Investigating the Mechanisms of an Intense Coastal Rainfall Event during TAHOPE/ PRECIP-IOP3 Using a Multiscale Radar Ensemble Data Assimilation System

The joint Taiwan-Area Heavy Rain Observation and Prediction Experiment (TAHOPE)/Prediction of Rainfall Extremes Campaign in the Pacific (PRECIP) field campaign between Taiwan and the United States took place from late May to mid-August in 2022. The field campaign aimed to understand the dynamics, thermodynamics, and predictability of heavy rainfall events in the Taiwan area. This study investigated the mechanisms of a heavy rainfall event that occurred on 6–7 June during the intensive observation period 3 (IOP3) of the field campaign. Heavy rainfall occurs on Taiwan’s western coast when a mei-yu front hovers in northern Taiwan. A multiscale radar ensemble data assimilation system based on the successive covariance localization (SCL) method is used to derive a high-resolution analysis for forecasts.
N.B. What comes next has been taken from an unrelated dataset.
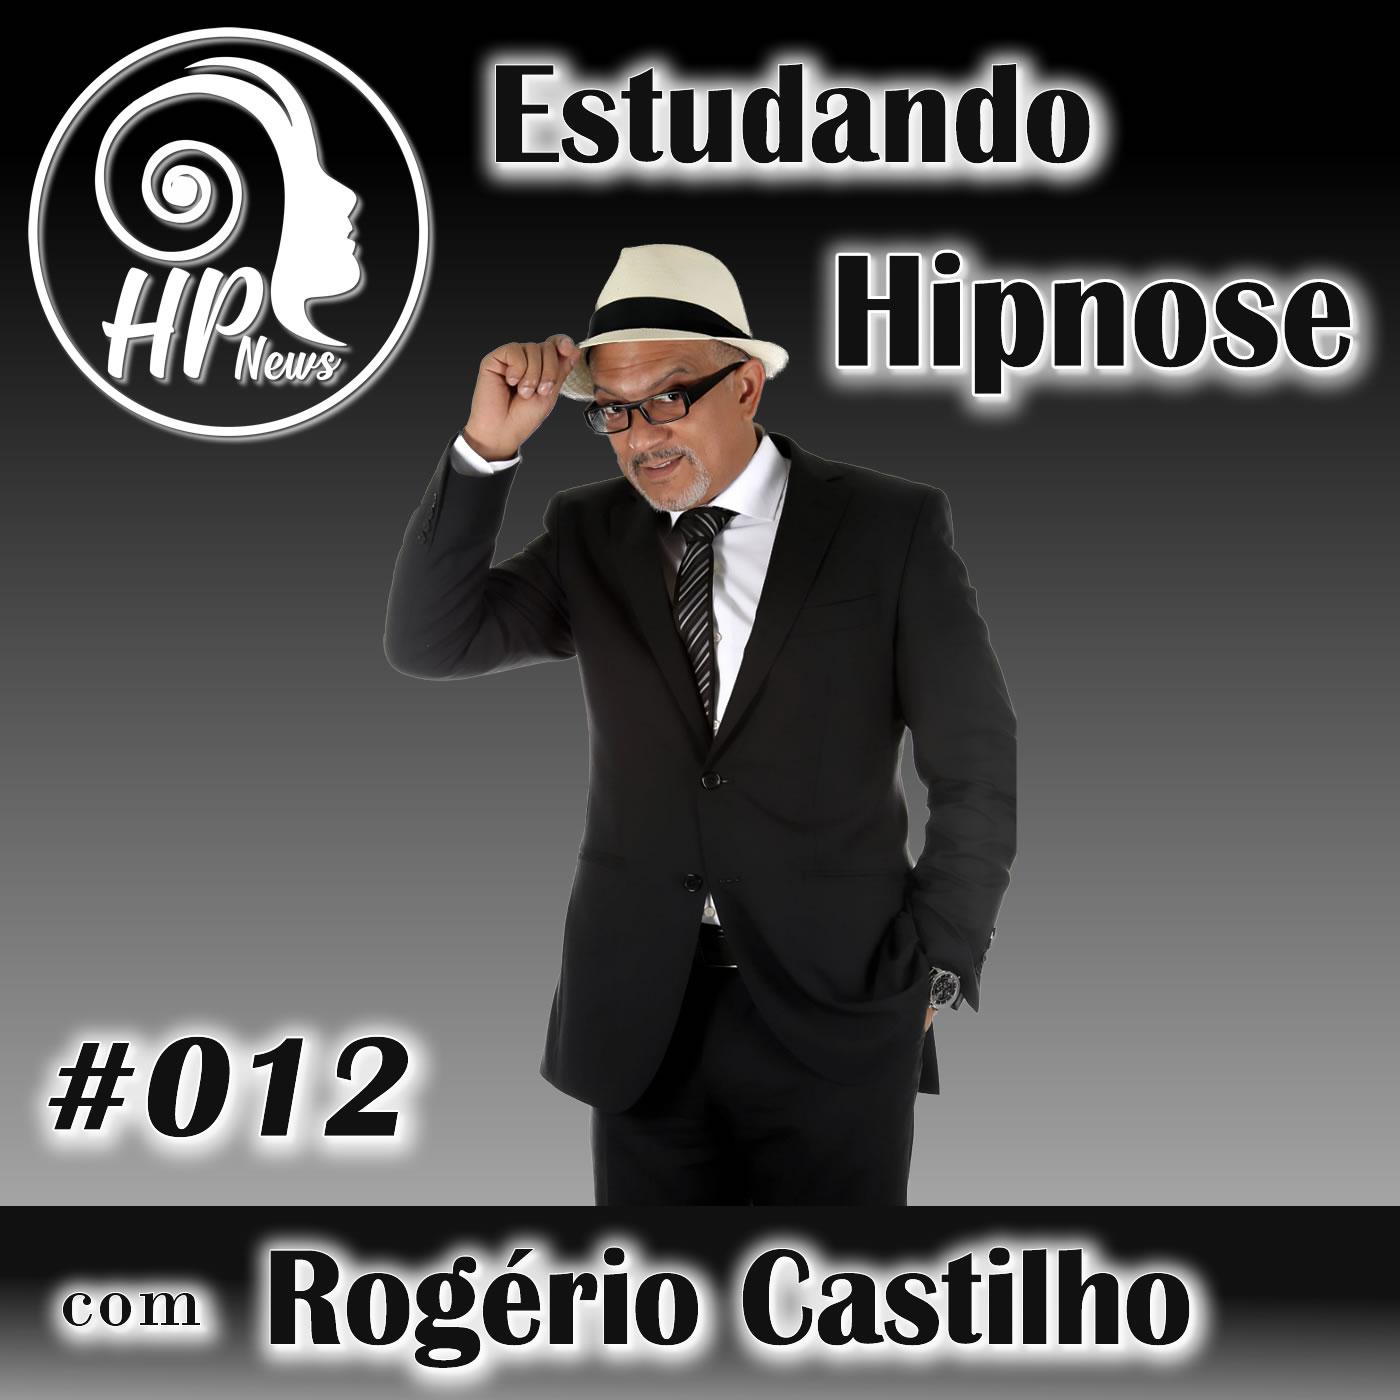 HP News 012 - Estudando Hipnose com Rogério Castilho
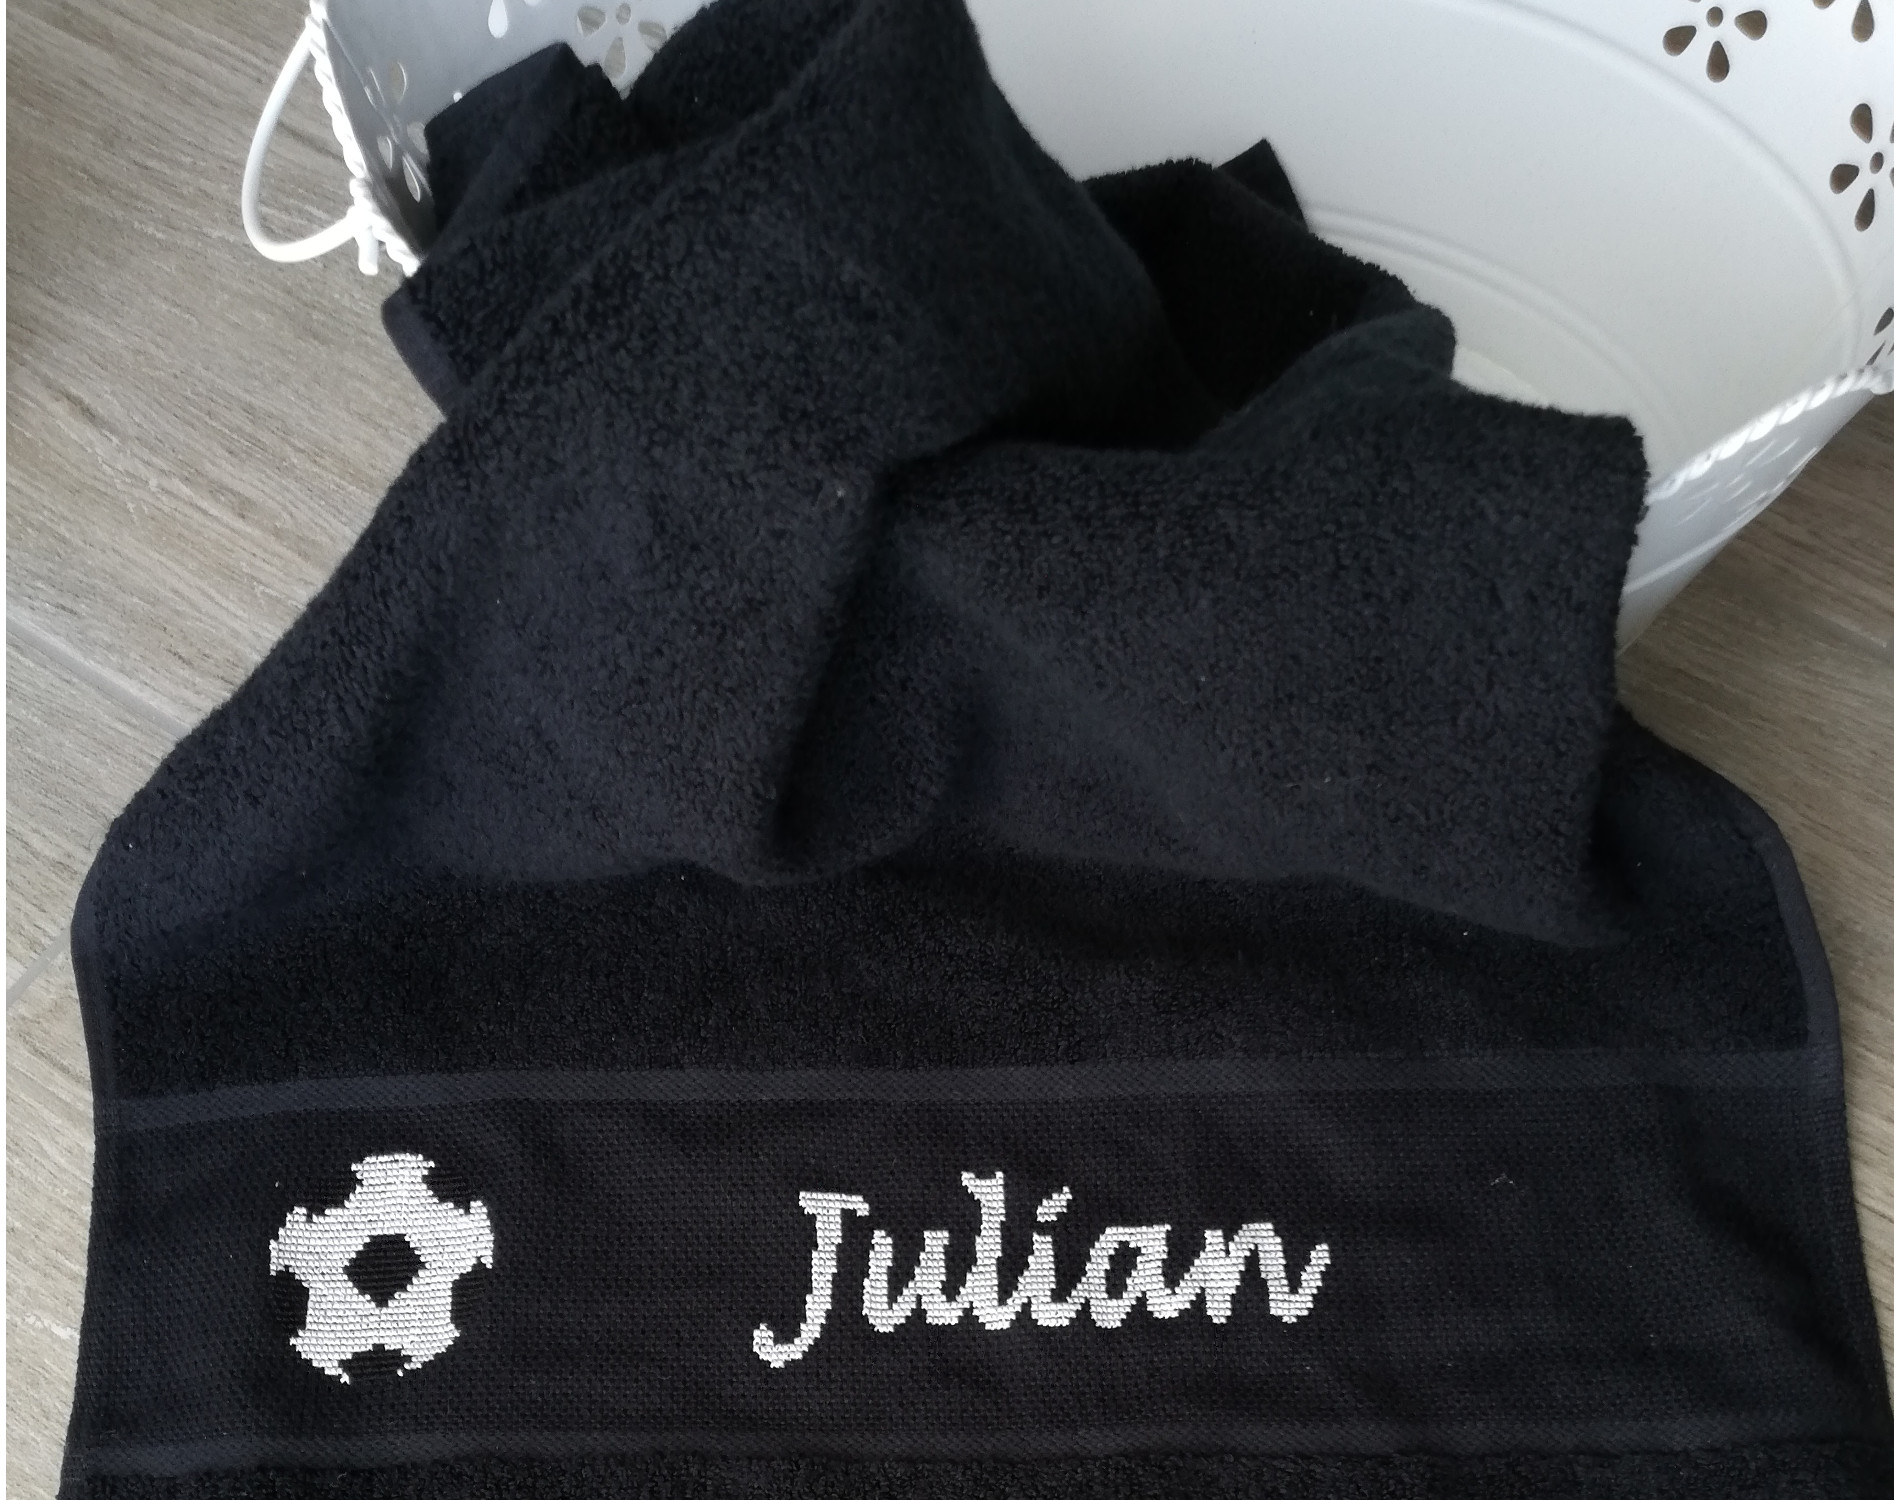 Handtuch Fußball personalisiert

Two numerical experiments are conducted with the use of convective-scale (Experiment RDA) or multiscale (Experiment MRDA) corrections in the assimilation of the radial velocity from operational radars at Chigu and WuFen and the additional S-band dual-polarization Doppler radar (S-Pol) deployed at Hsinchu during the field campaign. Compared with RDA, MRDA results in large-area wind corrections, which help reshape and relocate a low-level mesoscale vortex, a key element of this heavy rainfall event, offshore of western central Taiwan and enhances the front intensity offshore of northwestern Taiwan. Consequently, MRDA improves the 6-h heavy rainfall prediction over the coast of western Taiwan and better represents the elongated rainband in northern Taiwan during the 3–6-h forecast. Sensitivity experiments demonstrate the importance of assimilating winds from Chigu and S-Pol radar in establishing low-level mesoscale vortex and convergence zones.